# Product Recall



## milalic (Aug 26, 2005)

NEWS from CPSC
U.S. Consumer Product Safety Commission
Office of Information and Public Affairs Washington, DC 20207

----------------------------------------------------------------------------
----
FOR IMMEDIATE RELEASE
March 13, 2006
Release #06-111 Firm's Recall Hotline: (866) 276-8872
CPSC Recall Hotline: (800) 638-2772
CPSC Media Contact: (301) 504-7908

"AquaPod" 12-Gallon Aquariums Recalled Due to Shock Hazard
WASHINGTON, D.C. - The U.S. Consumer Product Safety Commission, in
cooperation with the firm named below, today announced a voluntary recall of
the following consumer product. Consumers should stop using recalled
products immediately unless otherwise instructed.

Name of Product: AquaPod 12-Gallon Aquariums

Units: About 1,000

Manufacturer and Distributor: Current USA Inc., of Vista, Calif.

Hazard: These aquariums have three power cords, two for the aquarium lamps
and one for the air pump. When only one of the two lamp cords is plugged in,
the unplugged lamp cord can become energized, posing an electrical shock
hazard to consumers.

Incidents/Injuries: Current USA Inc. has received nine reports of electrical
problems with these aquariums, resulting in seven consumers suffering shocks
by touching unplugged, energized lamp cords.

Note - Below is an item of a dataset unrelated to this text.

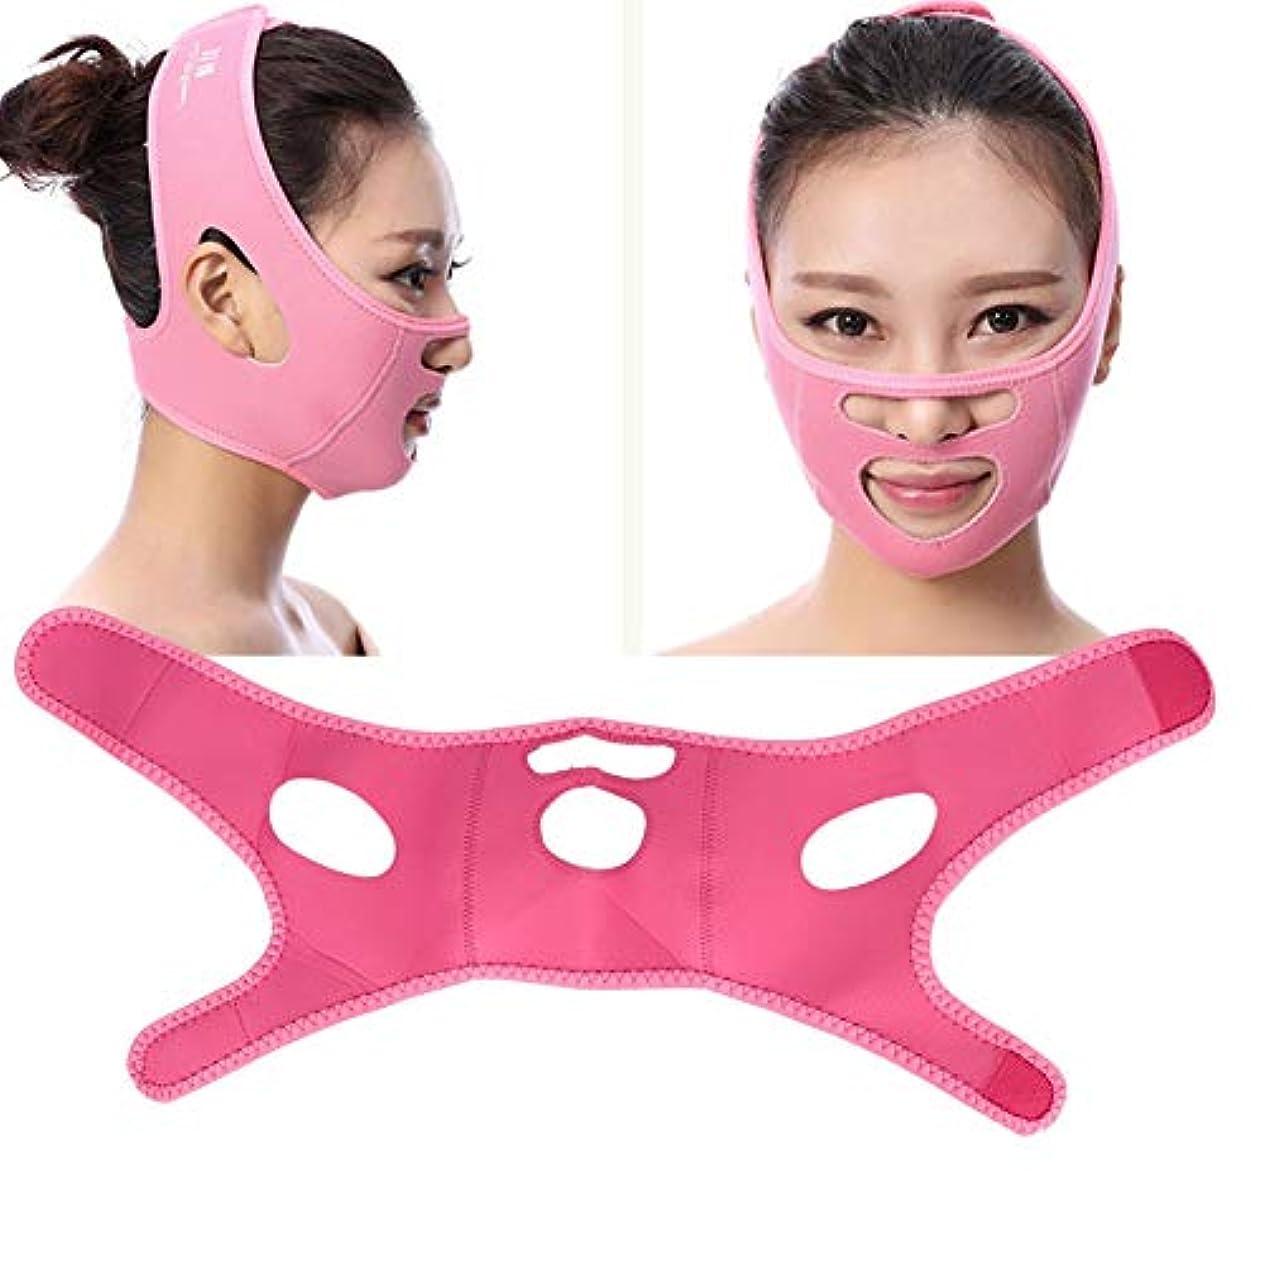 化石ベテランクラブスリミングマスク - V字型マスク、フェイスマスクV型 - 首とあごを持ち上げるため、アンチエイジング、しわを軽減

Description: This recall affects AquaPod Aquariums with model number 7050.
The model number is not written on the aquariums, but is on the owner's
manual and the packaging. Only aquariums without a white label containing
the manufacturer date and a bar code, which is attached to light reflector
inside lid of the aquariums are included in this recall. To check if your
unit has a white sticker, open the aquarium lid and look on the bottom left
corner of the light reflector. If your AquaPod 12-Gallon System has a white
label with a date in black letters and bar code, it is not included in the
recall. Model numbers 7051 and 7052 aquariums also are not included in the
recall.

Sold in: Pet stores nationwide, pet merchandise catalogs, and by Web
retailers from December 2005 through January 2006 for about $240.

Manufactured in: China

Remedy: Consumers should stop using these aquariums immediately by turning
off the power at the breaker switch and unplugging all the cords. Consumers
should contact their local retailer or call the firm for information on
receiving a free replacement aquarium.

Consumer Contact: For more information, consumers should call Current USA
Inc. toll-free at (866) 276-8872 between 9 a.m. and 4 p.m. PT Monday through
Friday, or visit the firm's Web site at www.current-usa.com

Thanks to Frank Greco for the news.


----------



## slickwillislim (Oct 11, 2005)

Wow that would be surprising to pick up an unplugged cord and getting shocked. I hope the 1000 people that bought those aquariums read this.


----------